Suppose I have a lot of expressions multiplied by factors such as:
$$e^{-i\theta[1]-i\theta[2] - i\theta[3]-i\theta[4]-i\theta[5]}$$
I would like to separate this into a product of exponentials of the form
$$e^{-i\theta[1]}e^{-i\theta[2]}...$$
before employing the function ExpToTrig and making substitutions to the result trigonometric functions.

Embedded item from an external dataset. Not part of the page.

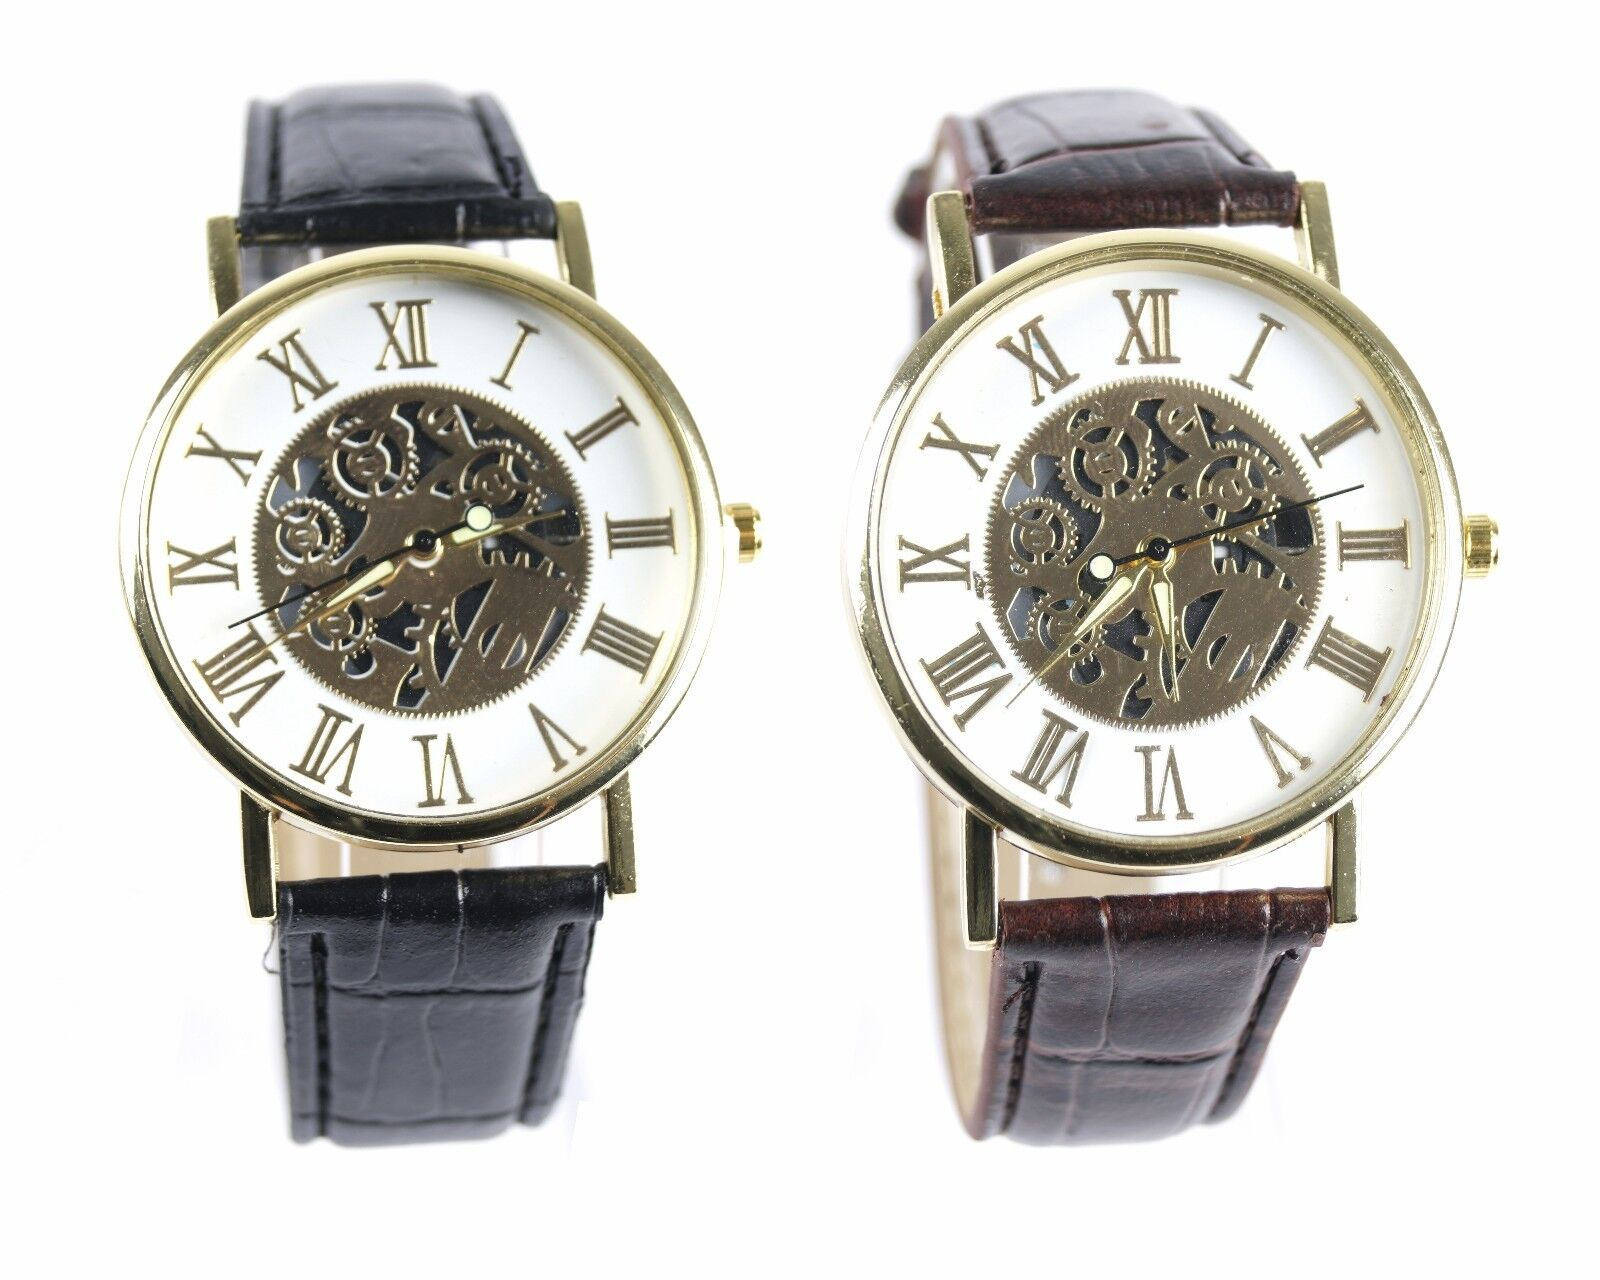 Herren Lederarmbanduhr Armbanduhr Herrenuhr Automatikuhr Männer Römische Ziffern

However, since I plan to apply the tangent half angle substitution (cf. my previous question Simplifying Expressions for FindMinimum), I would like the arguments to involve only one variable at a time. In particular, I tried using ComplexExpand on the function to express the trigonometric functions as functions of a single variable, but it expands the entire function out.
In short, I would like to keep the simplified form, but want to expand the exponential as per the above without having to expand the entire expression.

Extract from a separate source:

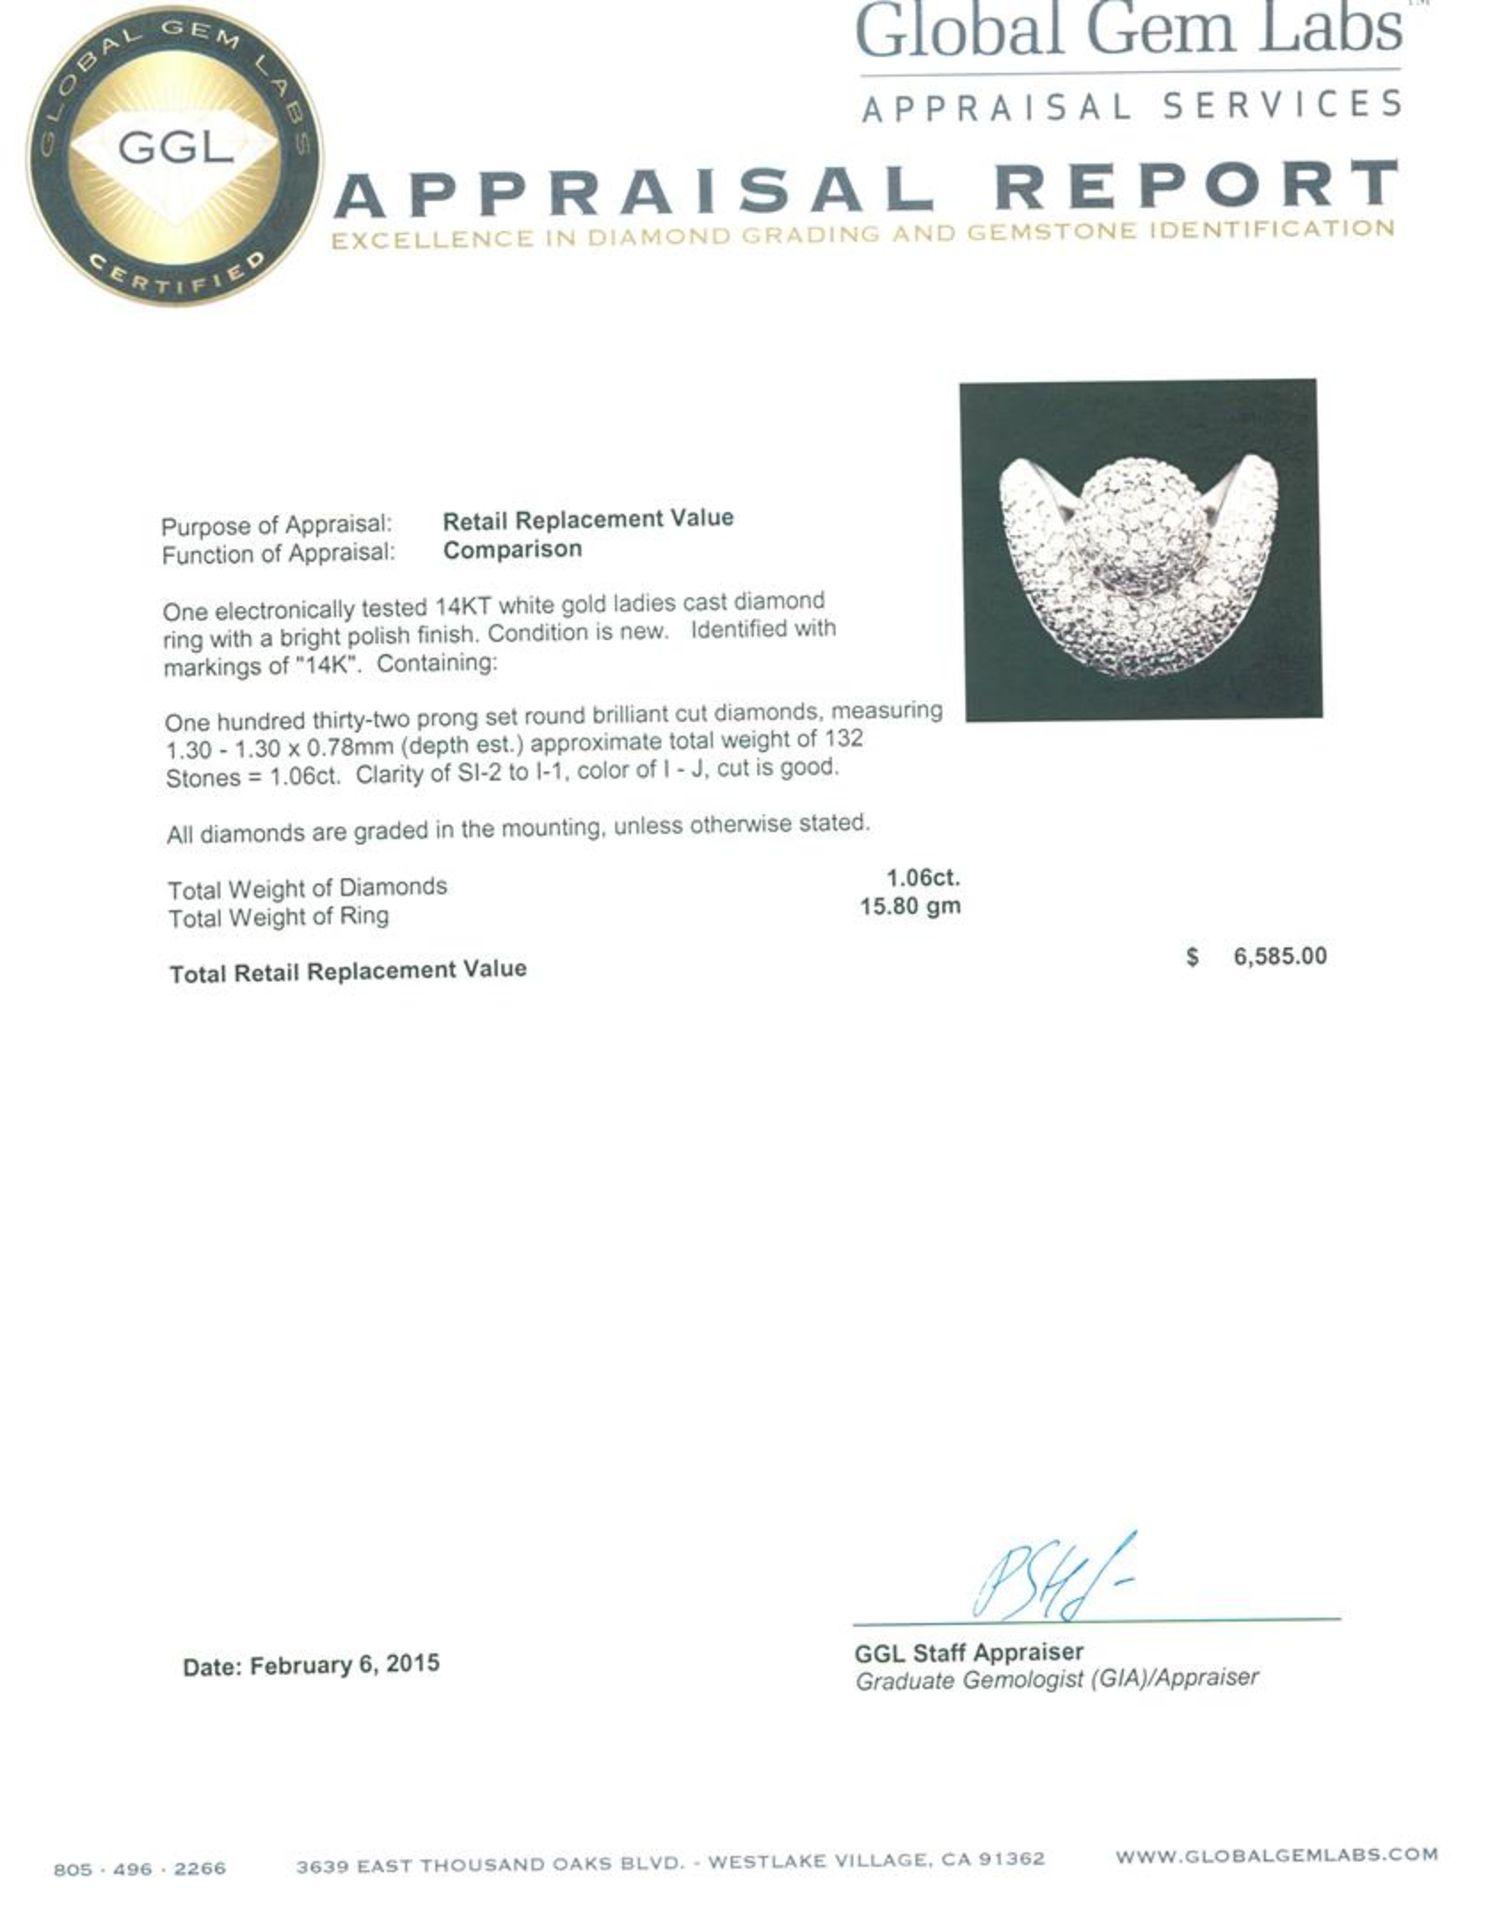 14KT White Gold 1.06 ctw Diamond Ring - Image 5 of 5

For reference, here is my function
(E^(-I θ[1] - I θ[2] - I θ[3] - I θ[4] - I (θ[5] - θ[6]))
Abs[Sin[ϕ[6]]]^2 (1 - E^(I (θ[1] - θ[6]))
Cot[ϕ[6]/2] Tan[ϕ[1]/2]) (Cos[θ[1]] + I Sin[θ[1]] + E^(I θ[2])
Tan[ϕ[1]/2] Tan[ϕ[2]/2]) (Cos[θ[2]] + I Sin[θ[2]] + E^(I θ[3])
Tan[ϕ[2]/2] Tan[ϕ[3]/2]) (Cos[θ[3]] + I Sin[θ[3]] + E^(I θ[4])
Tan[ϕ[3]/2] Tan[ϕ[4]/2]) (Cos[θ[5] - θ[6]] + I Sin[θ[5] - θ[6]] - Cot[ϕ[6]/2]
Tan[ϕ[5]/2]) (Cos[θ[4]] + I Sin[θ[4]] + E^(I θ[5])
Tan[ϕ[4]/2] Tan[ϕ[5]/2]))/
(2 Sqrt[(1 + Abs[Tan[ϕ[1]/2]]^2) (1 + Abs[Tan[ϕ[2]/2]]^2)]
Sqrt[(1 + Abs[Tan[ϕ[2]/2]]^2) (1 + Abs[Tan[ϕ[3]/2]]^2)]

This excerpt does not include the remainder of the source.